Título: Palocci depõe em segredo, culpa Mattoso, mas é indiciado pela PF
Autor: Sérgio Gobetti e Vannildo Mendes
Fonte: O Estado de São Paulo, 05/04/2006, Nacional, p. A4

O ex-ministro da Fazenda Antonio Palocci foi indiciado ontem pela Polícia Federal (PF) por ter participado da violação do sigilo bancário do caseiro Francenildo dos Santos Costa, o Nildo. Palocci tentou transferir a responsabilidade pelo episódio ao ex-presidente da Caixa Econômica Federal Jorge Mattoso.

O indiciamento ocorreu logo após a PF ter tomado secretamente o depoimento do ex-ministro, que durou três horas, no final da tarde de ontem, na residência oficial do Ministério da Fazenda. O ex-ministro alegou estar com problemas cardíacos para ser ouvido em casa pelo delegado responsável pelo inquérito, Rodrigo Carneiro Gomes. Palocci continua usando a residência oficial do ministério uma semana depois de ter se afastado do cargo.

"O ministro nega peremptoriamente e veementemente a quebra do sigilo. Ele não divulgou o extrato, não mostrou e não quebrou o sigilo", disse o advogado de Palocci, José Roberto Batocchio, em entrevista, à noite, no Hotel Meliá Brasília.

Orientada pelos advogados, a defesa de Palocci entrou em contradição com o depoimento de Mattoso. O ex-presidente da Caixa disse que o pedido para a quebra do sigilo do caseiro teria partido do então ministro. Palocci admitiu ter recebido o extrato, mas atribuiu a Mattoso a iniciativa pela operação.

Interessava a Palocci quebrar o sigilo de Nildo para tentar desacreditá-lo, pois o caseiro desmentiu o ex-ministro, em entrevista ao Estado. Ele disse que Palocci freqüentava a mansão no Lago Sul de Brasília mantida pela chamada república de Ribeirão. Ontem, a assessoria da Caixa contestou a versão apresentada pelo ex-ministro, enfatizando que a ordem para a quebra do sigilo partiu de fora da instituição, assim como a divulgação do extrato.
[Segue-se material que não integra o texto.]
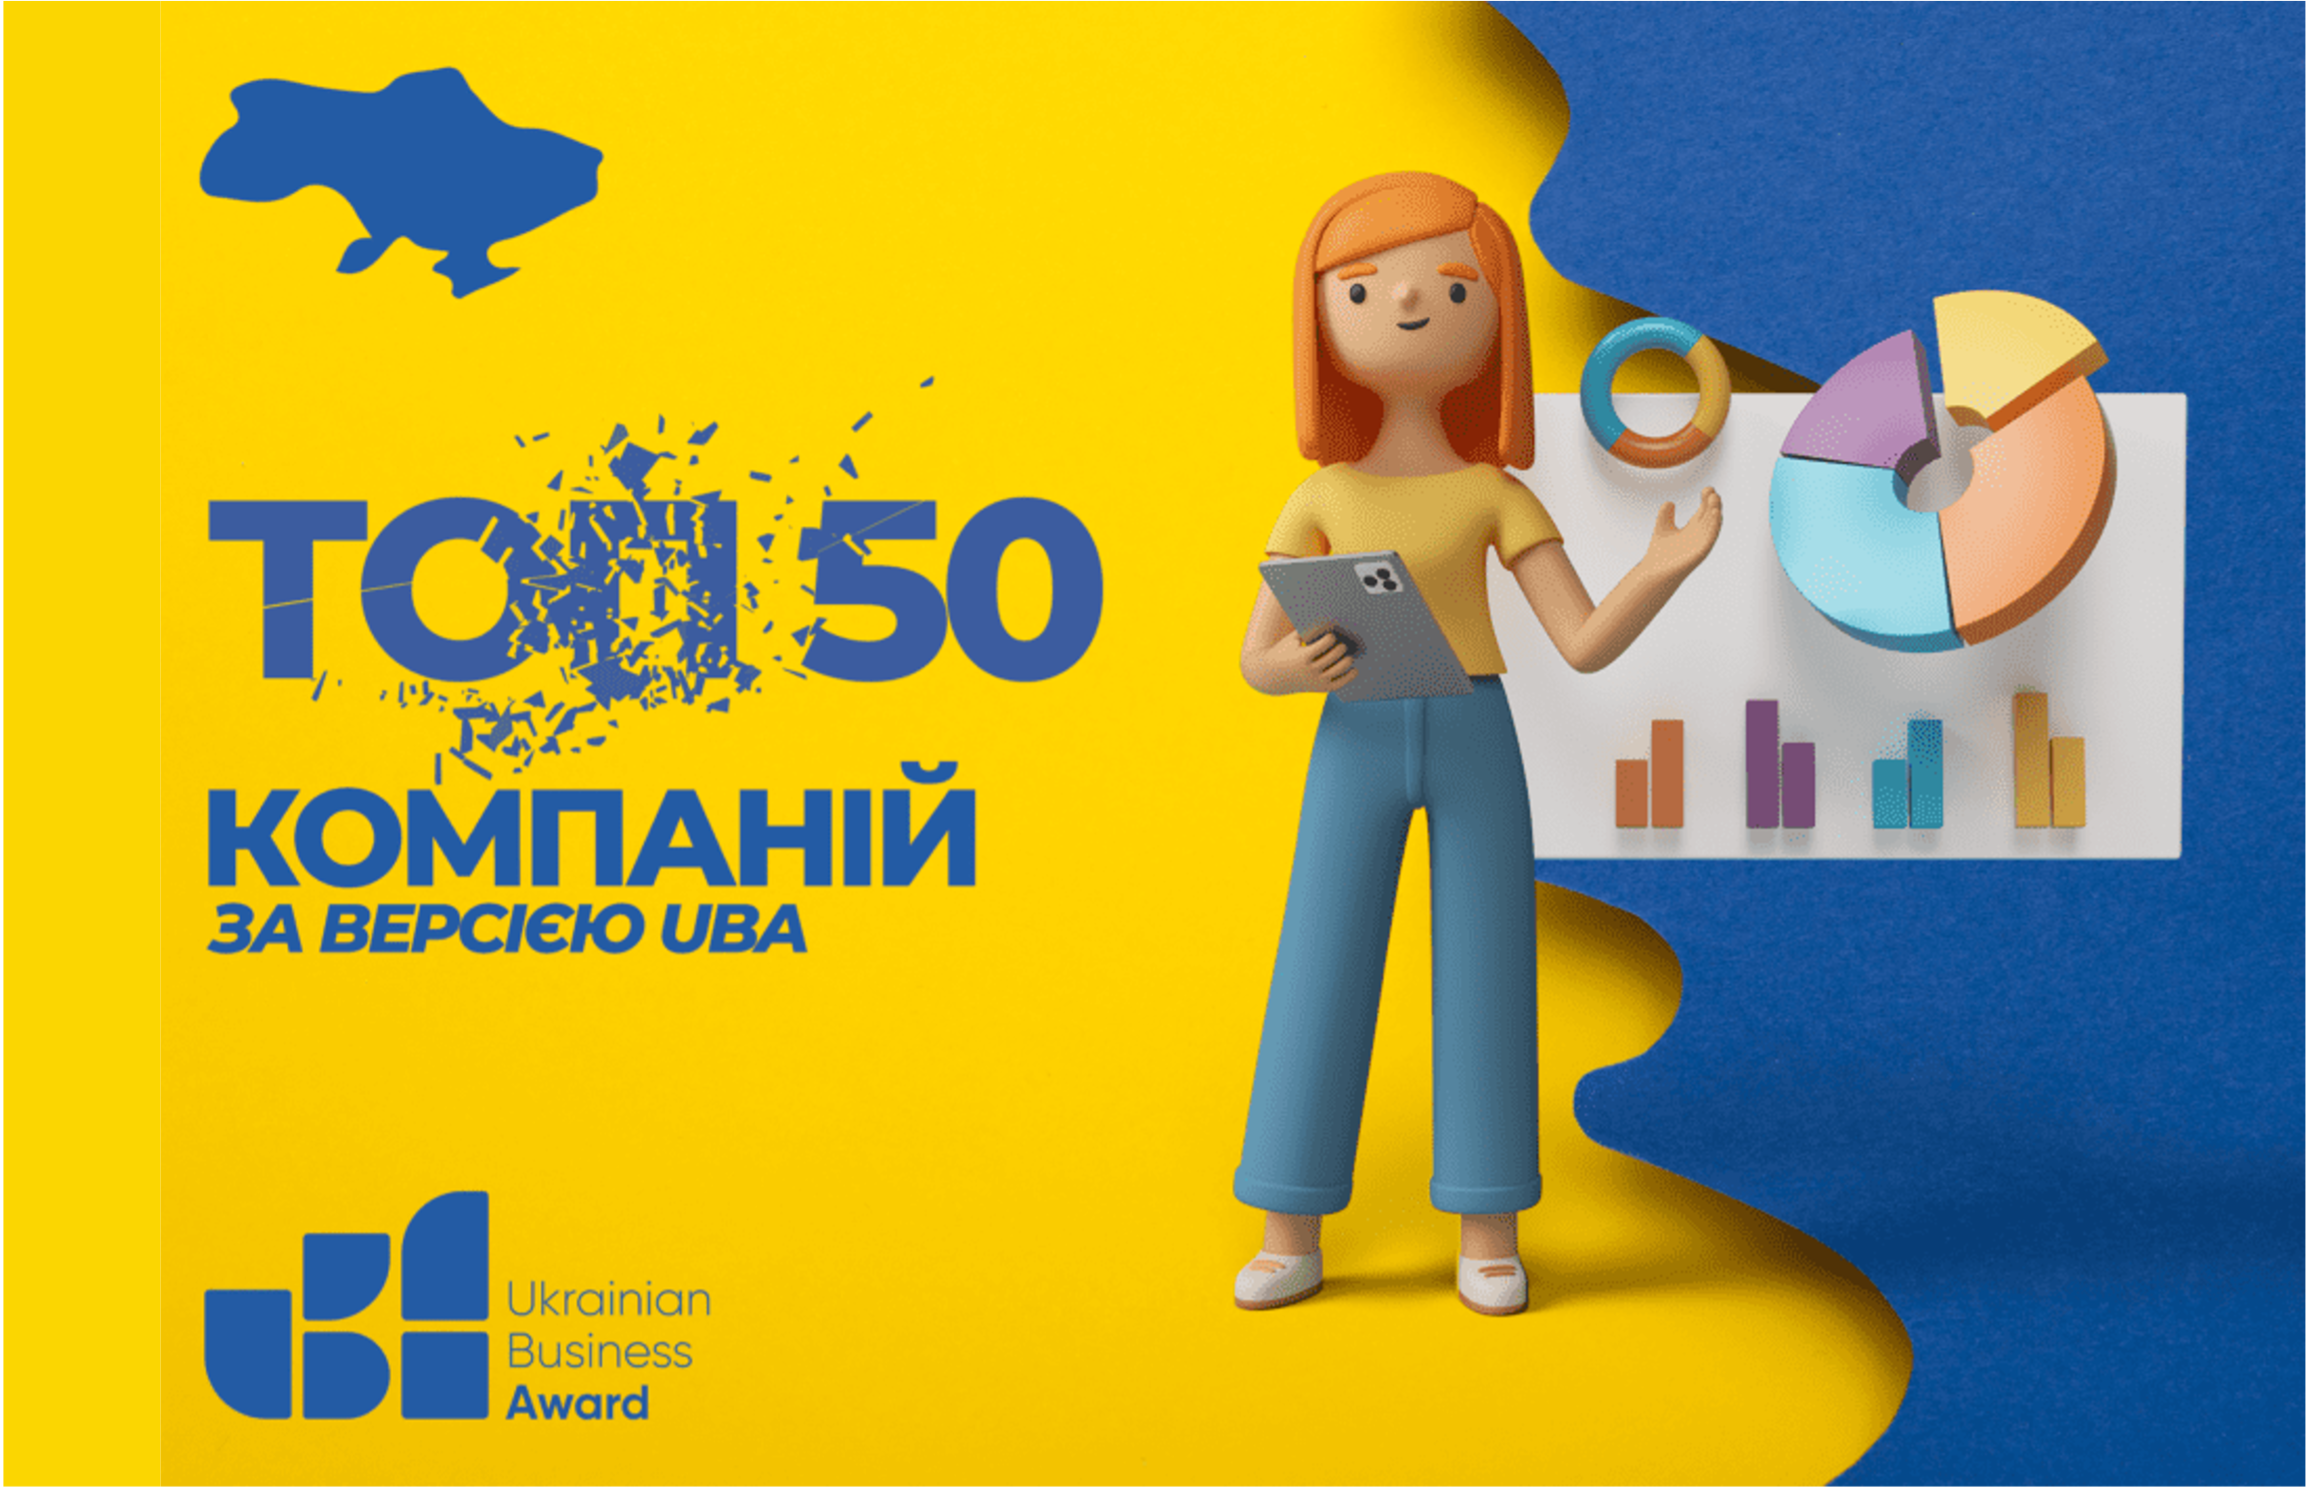 ТОВ «САНАГРО УКРАЇНА» увійшла у список ТОП-50 кращих компаній, працюючих в Україні, за версією Ukrainian Business Award.

"Não há nenhuma dissonância entre a versão do Palocci e a do Mattoso", tentou argumentar Batocchio.

Segundo o ex-ministro disse à PF, no dia 16 de março ele estave em reunião no Palácio do Planalto com o então presidente da Caixa. Mattoso deixou o encontro mais cedo, dizendo que precisava falar com Palocci sobre planos de expansão internacional. Os dois combinaram uma conversa mais tarde.
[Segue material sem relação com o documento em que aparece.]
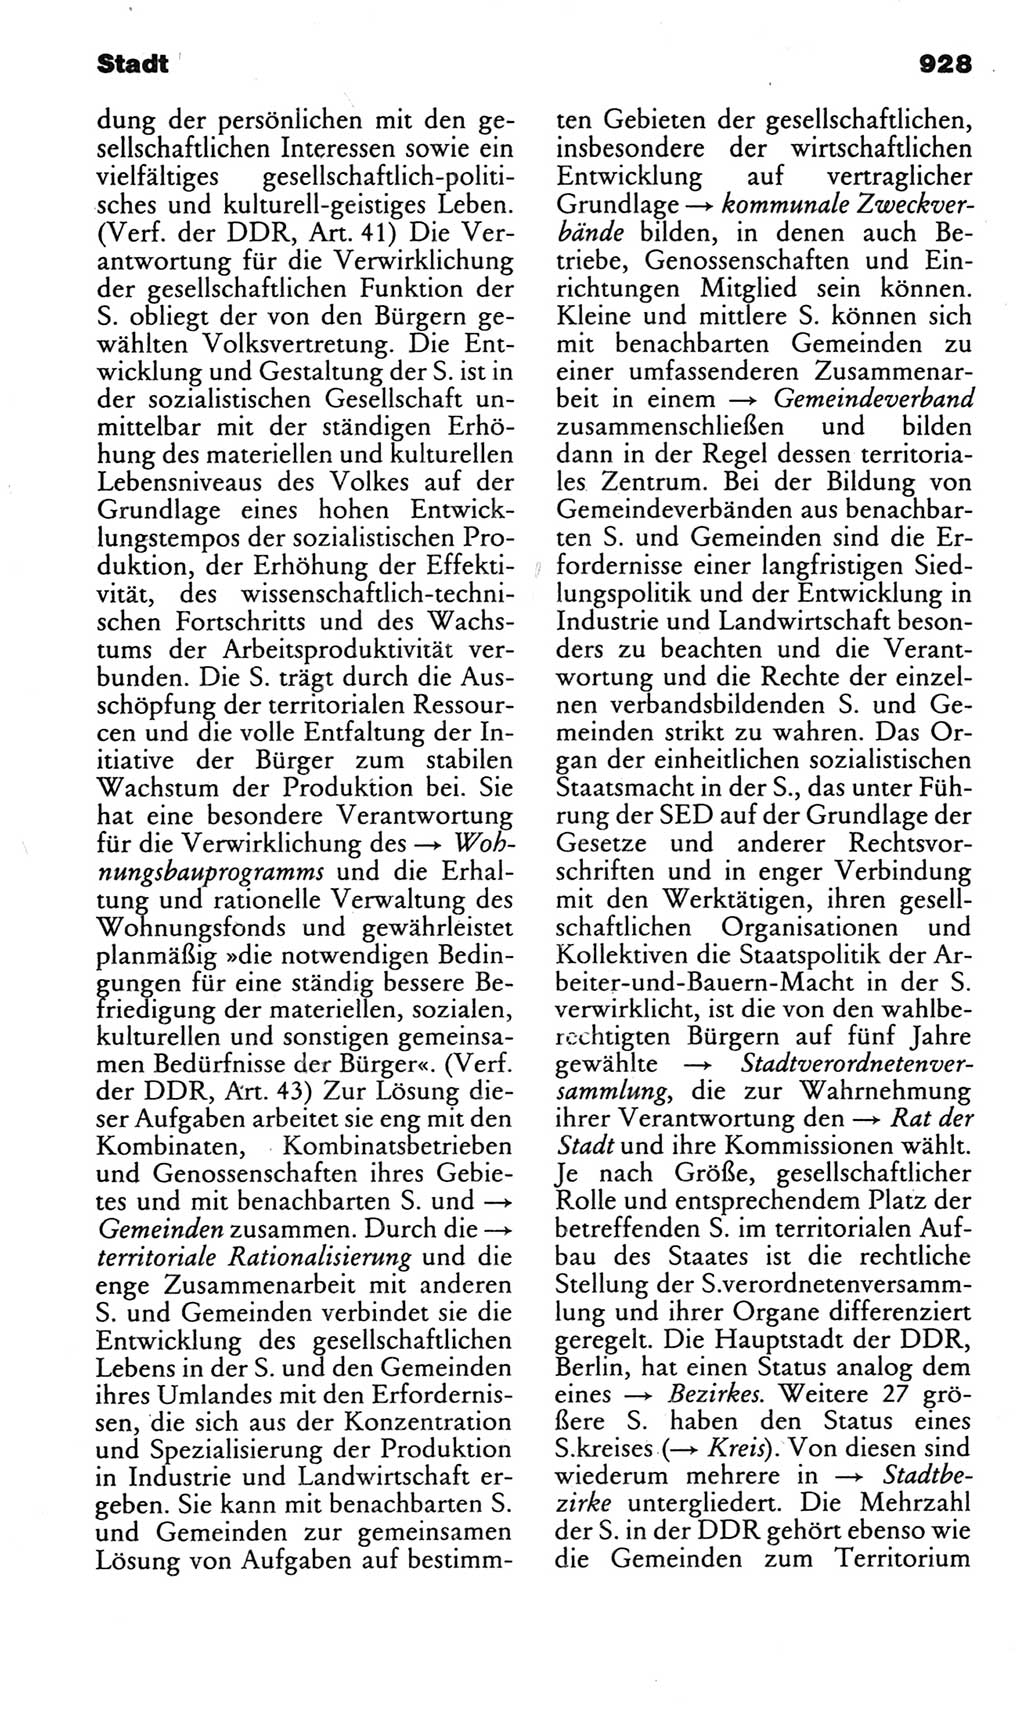 Kleines politisches Wörterbuch [Deutsche Demokratische Republik (DDR)] 1983, Seite 928 (Kl. pol. Wb. DDR 1983, S. 928)

Na noite do mesmo dia, Mattoso foi à residência de Palocci, onde também estavam o assessor do ex-ministro, Marcelo Netto, e o secretário de Direito Econômico do Ministério da Justiça, Daniel Goldberg. De acordo com Batocchio, a conversa entre os dois ocorreu a sós e durou apenas cinco minutos, durante os quais Mattoso falou do interesse em abrir uma agência no Japão e entregou o extrato do caseiro, consultando se deveria encaminhá-lo ao Conselho de Controle de Atividades Financeiras (Coaf).

O ex-ministro teria respondido que o presidente da Caixa deveria agir de acordo com a lei, mas ficou com a cópia do extrato para analisá-la.

"Ele recebeu o extrato, examinou no dia seguinte e, quando se preparava para devolvê-lo, recebeu a informação de que o Coaf já tinha sido comunicado", disse Batocchio.

De acordo com o advogado, o ex-ministro não mostrou o documento para mais ninguém e o teria destruído em um triturador de papel.

Ele informou ainda que Palocci estava com eletrodos no peito e na cintura durante seu depoimento e que deverá ser submetido a exames cardíacos.

Sobre a presença de Netto e Goldberg na casa de Palocci, no mesmo dia e horário, o advogado explicou que as conversas ocorreram separadamente e nada tiveram em comum. "Netto e Goldberg estavam na casa para discutir a possibilidade de os processos de Ribeirão Preto passarem ao Supremo Tribunal Federal", disse o advogado.

Confrontado com outra explicação para o encontro, apresentada à PF pelo secretário do Ministério da Justiça, de que Palocci teria lhe consultado sobre a possibilidade de a PF investigar o caseiro, o advogado admitiu que esse assunto também foi tratado. "Diante da notícia de que havia um certo senador manipulando um funcionário humilde, o pedido se justificava", disse Batocchio.

O advogado e seu sócio, José Roberto Leal, alegaram sigilo profissional para não informar se foram contratados pelo PT para defender Palocci.